Species of bacterium

Rhodomicrobium vannielii is a Gram-negative, purple non-sulfur, motile, thermophilic photoheterotroph bacterium. Phototrophic bacteria are ubiquitous and have been reportedly found in many marine and terrestrial ecosystems. Additionally, they can use light as an energy source and carbon dioxide as a carbon source. Considering this, R. vannielii is thought to have potential application in anaerobic treatment and bioremediation under high temperature conditions as the bacteria was isolated from water samples from a hot spring in Gadek, Malacca, Malaysia using glutamate-malate medium (GMM) and Pfennig's M2 medium. R. vannielii produces acyclic and aliphatic cyclic carotenoids like anhydrorhodovibrin, rhodovibrin, spirilloxanthin and rhodopin.

== Microbiologic characteristics ==

=== Morphology ===
Mature R. vannielii cells are typically ovoid to spherical in shape, do not form intracellular sulfur globules, and are about 2.0-2.5 μm long and 1.2-1.5 μm wide. The cells are then attached by means of slender branched filaments, with the connecting filaments varying in length, but a uniform diameter of approximately 0.3 microns. Colonies are irregular in shape, and have a rough, convoluted surface. After observation, the cells showed a budding filament formation. R. vannielli is unique as it is the only species of its genus to reproduce via budding rather than fission.

=== Pigmentation ===
Rhodomicrobium vannielii contains carotenoid pigments, which gives its cultures a salmon-pink to a deep orange-red color, depending on the density of growth. The dominant photosynthetic pigment is bacteriochlorophylla and carotenoids of rhodopsin and lycopene. Optimum carotenoid production was achieved after the culture spent 24 hours in GMM without yeast-extract and having been incubated in anaerobic-light condition at a light intensity of 2000 lux. R. vannielii’s growth rate was measured as optical density at a wavelength of 660 nm.

=== Metabolism ===
Rhodomicrobium vannielii is an anoxygenic bacteria, meaning it uses light as an energy source and converts it into ATP without the production of oxygen as a byproduct of the reaction. R. vannielii grows better in anaerobic-light conditions compared to growth in aerobic-dark. This growth shows that cells are capable of also growing chemoheterophically in the dark, meaning it can derive its energy from chemical energy sources as well as from sunlight. However, the microbe cannot use carbon dioxide as its sole carbon source, but requires other compounds from the environment to meet their carbon requirements. R. vannielii is able to utilize acetate, lactate, pyruvate, citrate and succinate as a carbon source. However, cell growth and carotenoid production is highest when succinate or acetate is used as substrate after 48-hours of incubation.

== Environment ==
Water samples were first isolated from Gadek Hot Spring in Malacca, Malaysia, at a depth of 0.8-1.4 m from the water surface using an extendable metal sampler. The water samples were isolated on two media: (i) glutamate-malate medium (GMM), and (ii) Pfennig’s M2 medium. All inoculated bottles were incubated using 60 W (Morries) tungsten lamps at 2000 lux light intensity of continuous illumination with a temperature ranging between 38-40 °C. After 7 days of incubation, the GMM media changed color from transparent yellow to red.
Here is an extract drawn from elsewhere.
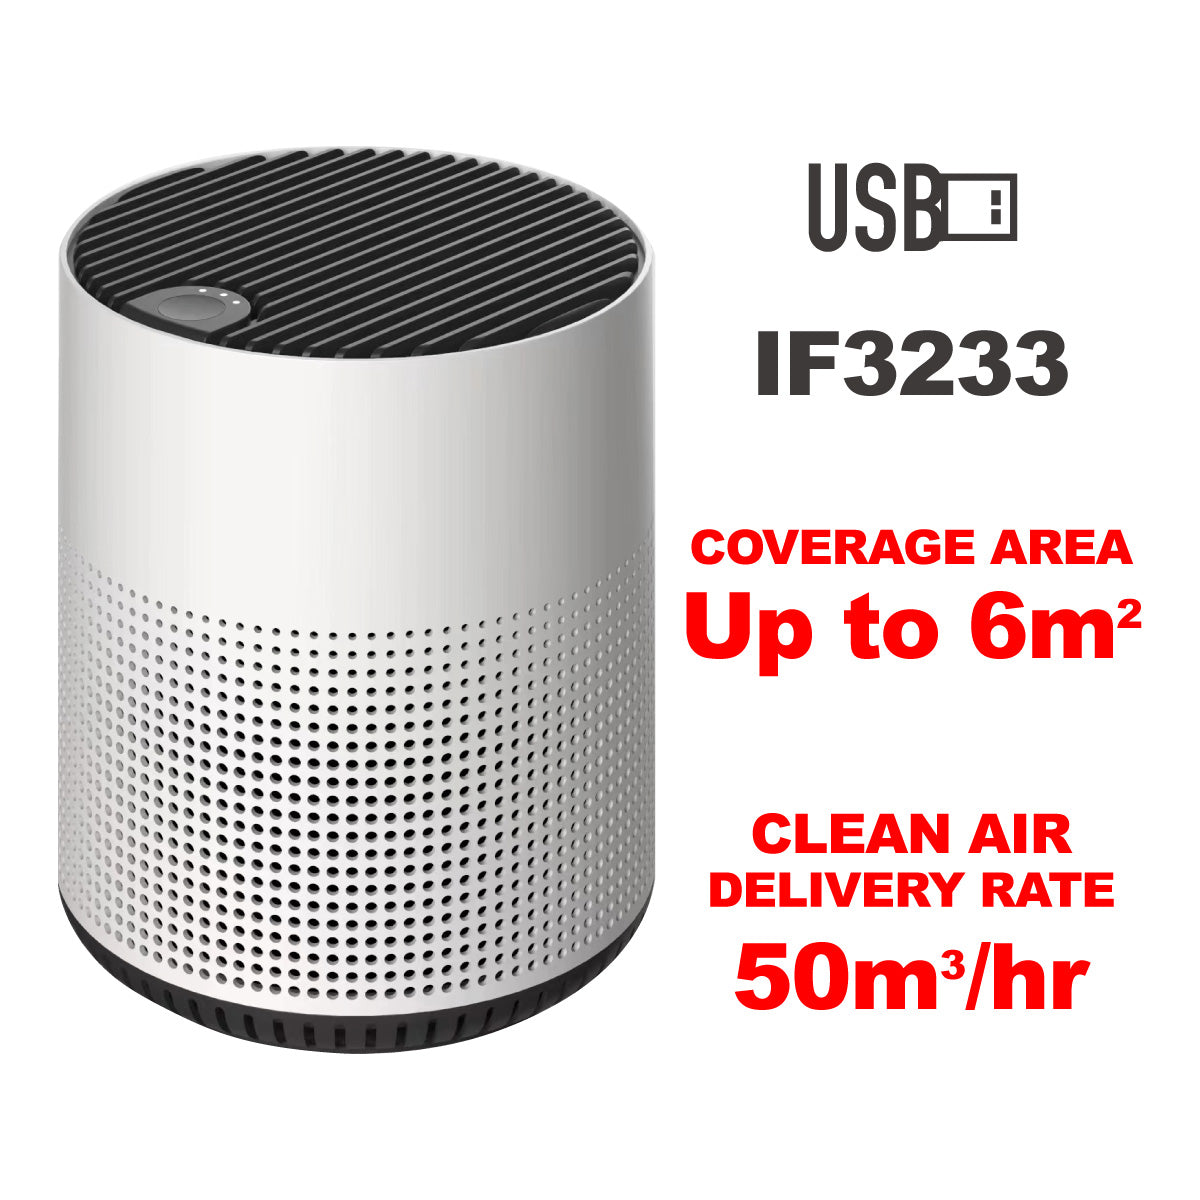 Air purifier HEPA filter, USB Air Purifier, Desk Top Air Purifier , Mini Air Purifier(IF3233)

Growth in the M2 medium, however, was slower as pink to light red color appeared after more than 10 days incubation. It was found that R. vannielii’s temperature optima was approximately 50 °C to 58 °C, while its pH optima ranged from 6.8 to 7.3. The microorganism’s optimum light intensity for carotenoid production was 2000 lux.
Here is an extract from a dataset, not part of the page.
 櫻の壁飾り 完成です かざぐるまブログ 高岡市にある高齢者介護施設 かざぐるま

== Phenotypic and genetic characteristics ==
On average, R. vannielii’s genome size is approximately 400 base pairs, is motile, stains Gram-negative, and has a G+C content of 62.2%.
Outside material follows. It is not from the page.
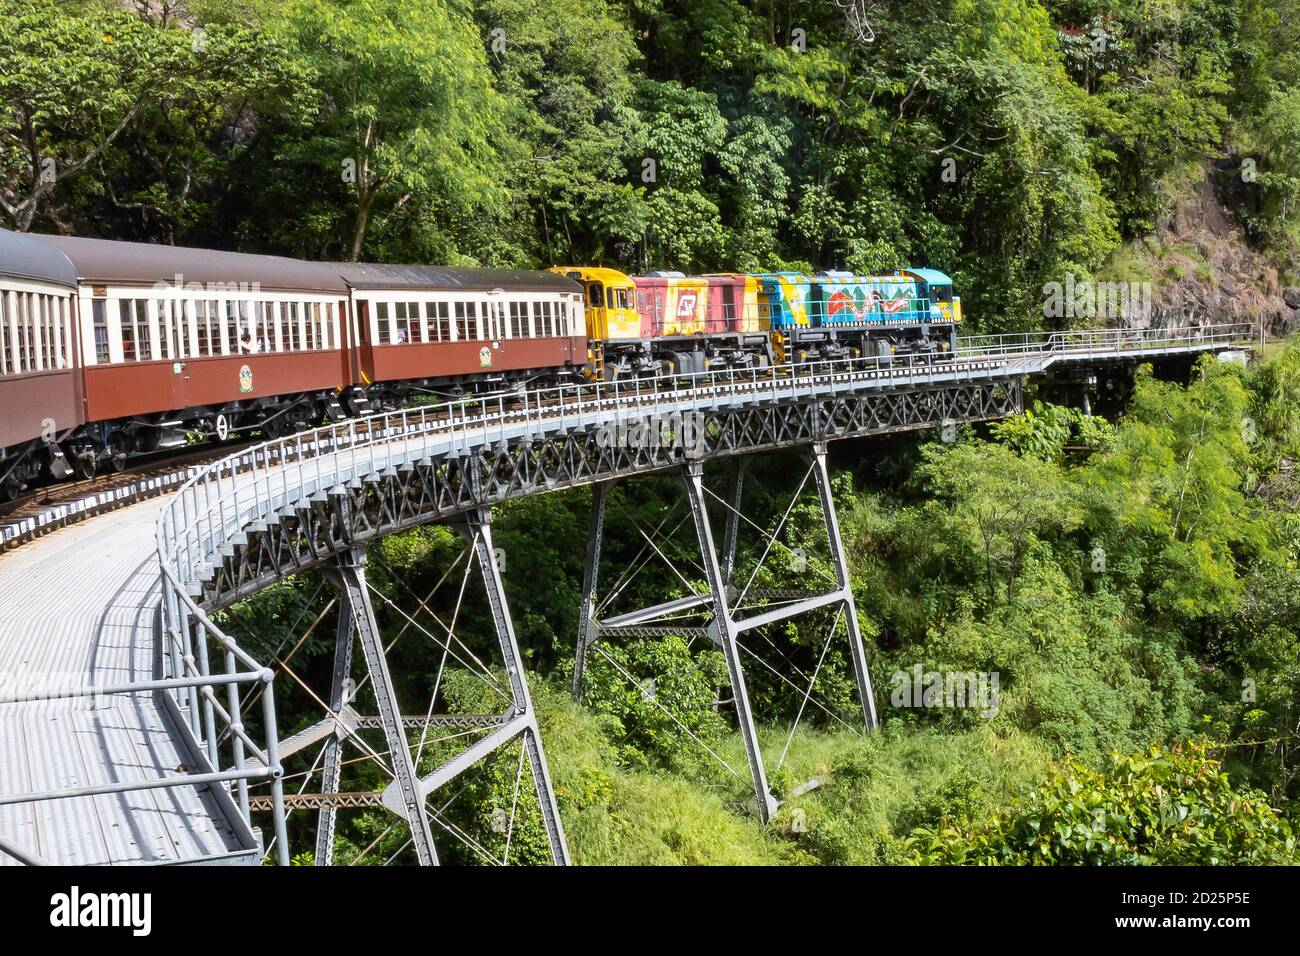 Kuranda, Australia - 19 Marzo 2020: Il treno panoramico Kuranda che passa attraverso la foresta pluviale, è una delle attrazioni turistiche della zona di Cairns. Foto Stock

In 1949, it was debated on whether R. vannielii was to be placed in the genus Rhodospirillum or Rhodopseudomonas because the photoheterotrophs were all closely related morphologically. However, subsequent studies of the physiology and morphology of several pure R. vannielii cultures have led researchers to create a new genus for this organism: Rhodomicrobium. This name was chosen to honor Professor C. B. van Niel as his studies of R. vannielii heavily contributed to what is currently known regarding the group of microorganisms.